Also, in the first iteration of the loop, hit_timeout is init to 0
inside of io_cqring_wait_schedule() -> __io_cqring_wait_schedule() ->
io_cqring_schedule_timeout(). So it is possible for hit_timeout to be
READ_ONCE before it is initialised.
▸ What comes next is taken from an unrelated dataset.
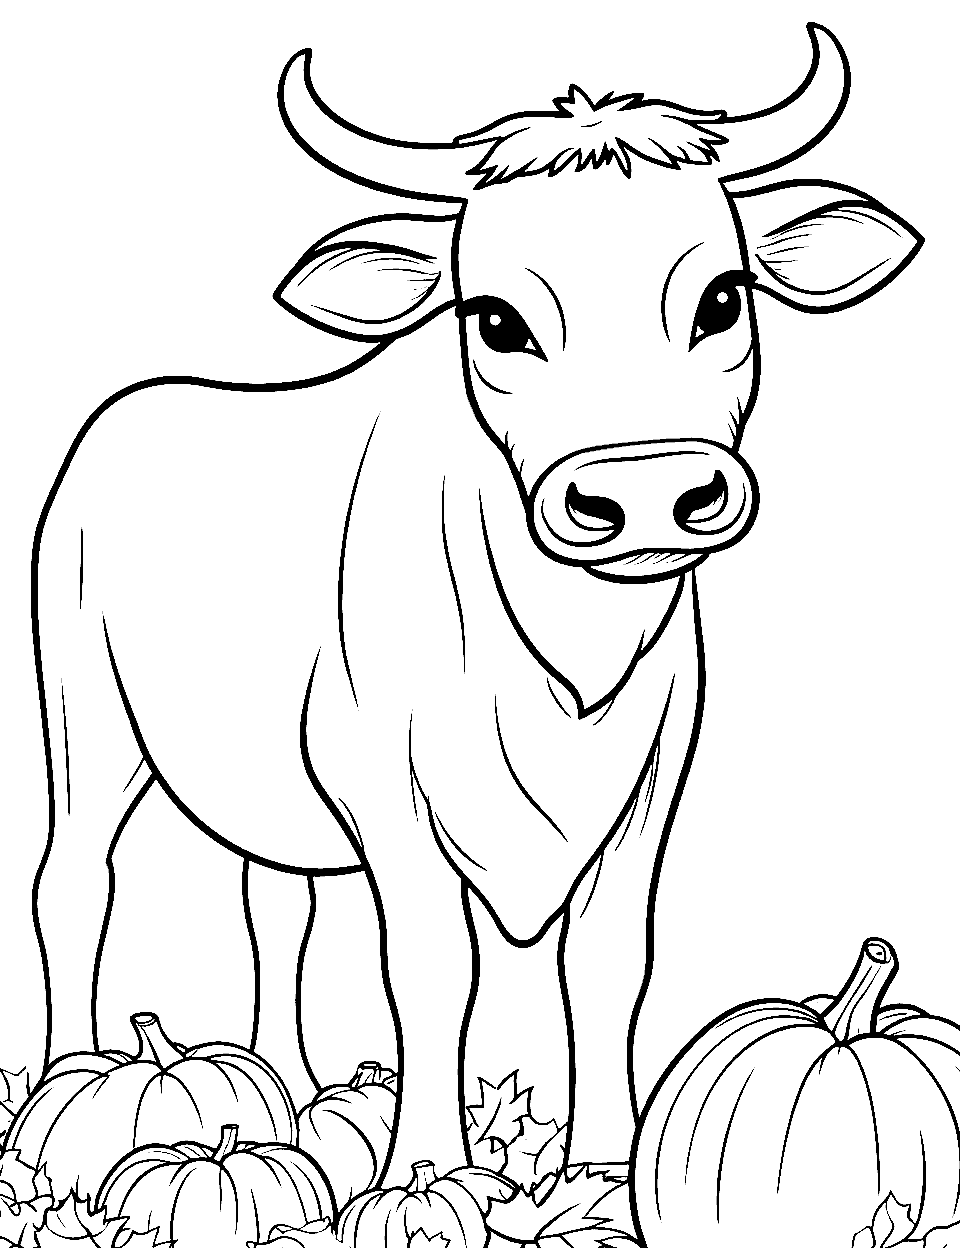 Harvest Time Cow Coloring Page - A cow, moving between simple, oversized pumpkins in a field.

If this code is kept we should init
iowq.hit_timeout = 0 above.
> set_current_state(TASK_INTERRUPTIBLE);
> } else {
> prepare_to_wait_exclusive(&ctx->cq_wait, &iowq.wq,
> TASK_INTERRUPTIBLE);
> }
>
> - ret = io_cqring_wait_schedule(ctx, &iowq);
> + ret = io_cqring_wait_schedule(ctx, &iowq, start_time);
> __set_current_state(TASK_RUNNING);
> atomic_set(&ctx->cq_wait_nr, IO_CQ_WAKE_INIT);
>
> diff --git a/io_uring/io_uring.h b/io_uring/io_uring.h
> index f95c1b080f4b..65078e641390 100644
> --- a/io_uring/io_uring.h
> +++ b/io_uring/io_uring.h
> @@ -39,8 +39,10 @@ struct io_wait_queue {
> struct wait_queue_entry wq;
> struct io_ring_ctx *ctx;
> unsigned cq_tail;
> + unsigned cq_min_tail;
> unsigned nr_timeouts;
> int hit_timeout;
> + ktime_t min_timeout;
> ktime_t timeout;
> struct hrtimer t;
>